Instance recovery occurs when an instance goes down abruptly, either via a SHUTDOWN ABORT, a killing of a background process, or a crash of a node or the instance itself. After an ungraceful shutdown, it is necessary for the database to go through the process of rolling forward all information in the redo logs and rolling back any transactions that had not yet been committed. This process is known asinstance recovery and is usually automatically performed by the SMON process.
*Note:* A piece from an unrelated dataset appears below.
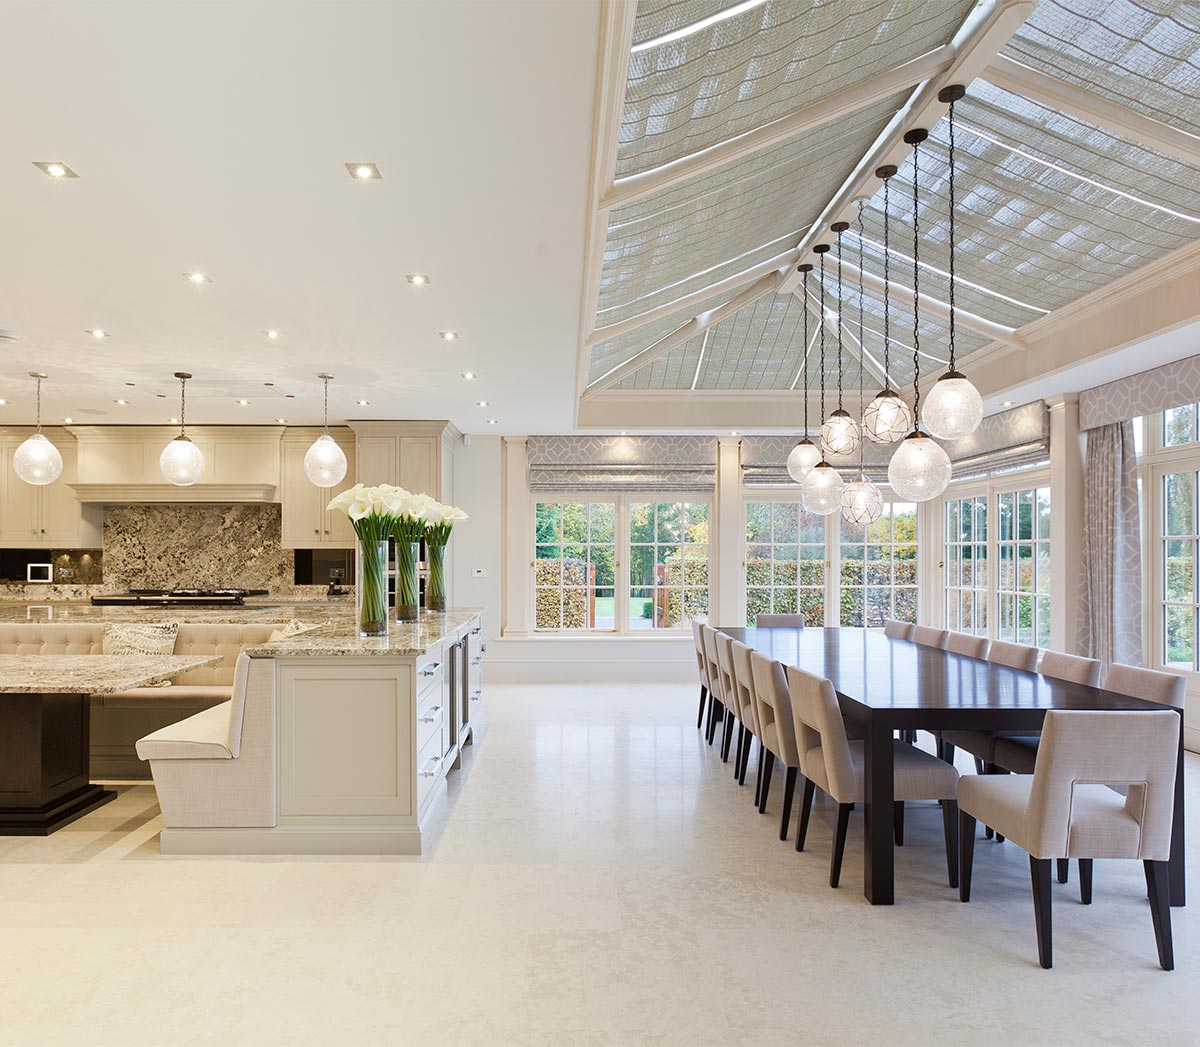 Orangery as an extension of the kitchen

The redo logs for all RAC instances are located either on an OCFS shared disk asset or on a RAW file system that is visible to all the other RAC instances. This allows any other node to recover for a failed RAC node in the event of instance failure.
There are basically two types of failure in a RAC environment: instance and media. Instance failure involves the loss of one or more RAC instances, whether due to node failure or connectivity failure. Media failure involves the loss of one or more of the disk assets used to store the database files themselves.
1. All nodes available.
2. One or more RAC instances fail.
3. Node failure is detected by any one of the remaining instances.
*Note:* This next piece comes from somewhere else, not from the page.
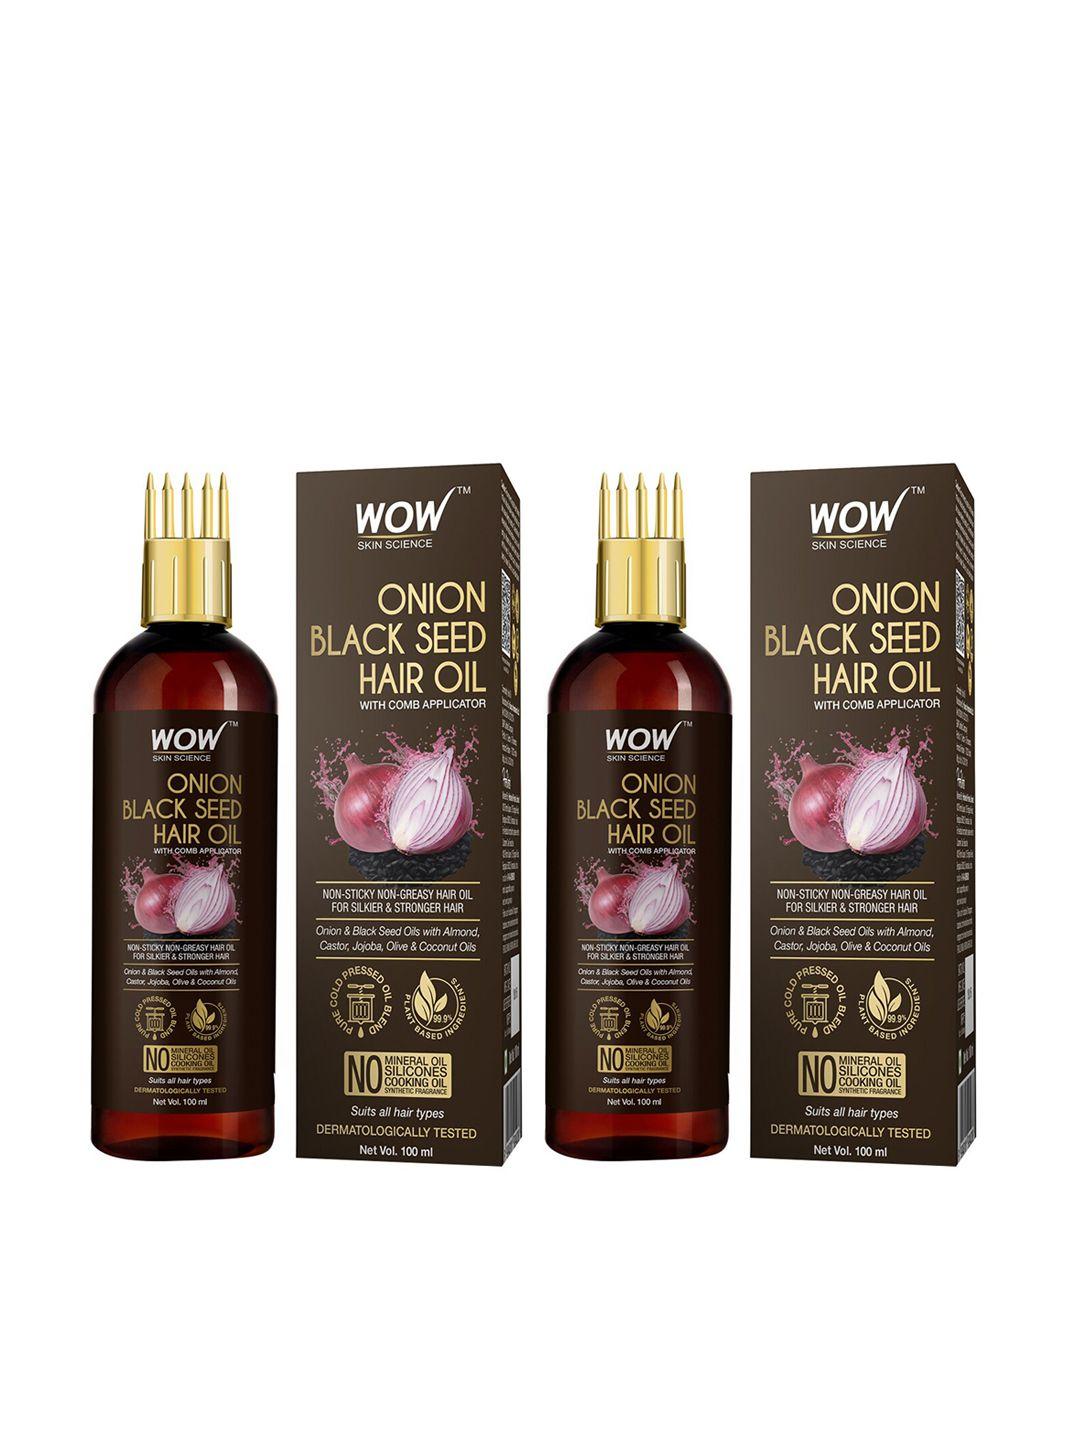 wow skin science set of 2 onion black seed hair oil with comb applicator

4. Global Resource Directory(GRD) is reconfigured and distributed among
5. The instance which first detected the failed instance, reads the failed
instances redo logs to determine the logs which are needed to be recovered.
The above task is done by the SMON process of the instance that detected failure.
6. Until this time database activity is frozen, The SMON issues recovery requests
for all the blocks that are needed for recovery. Once all the blocks are available,
the other blocks which are not needed for recovery are available for normal processing.
7. Oracle performs roll forward operation against the blocks that were modified by the
failed instance but were not written to disk using redo log recorded transactions.
8. Once redo logs are applied, uncomitted transactions are rolled back using
9. Database on the RAC in now fully available.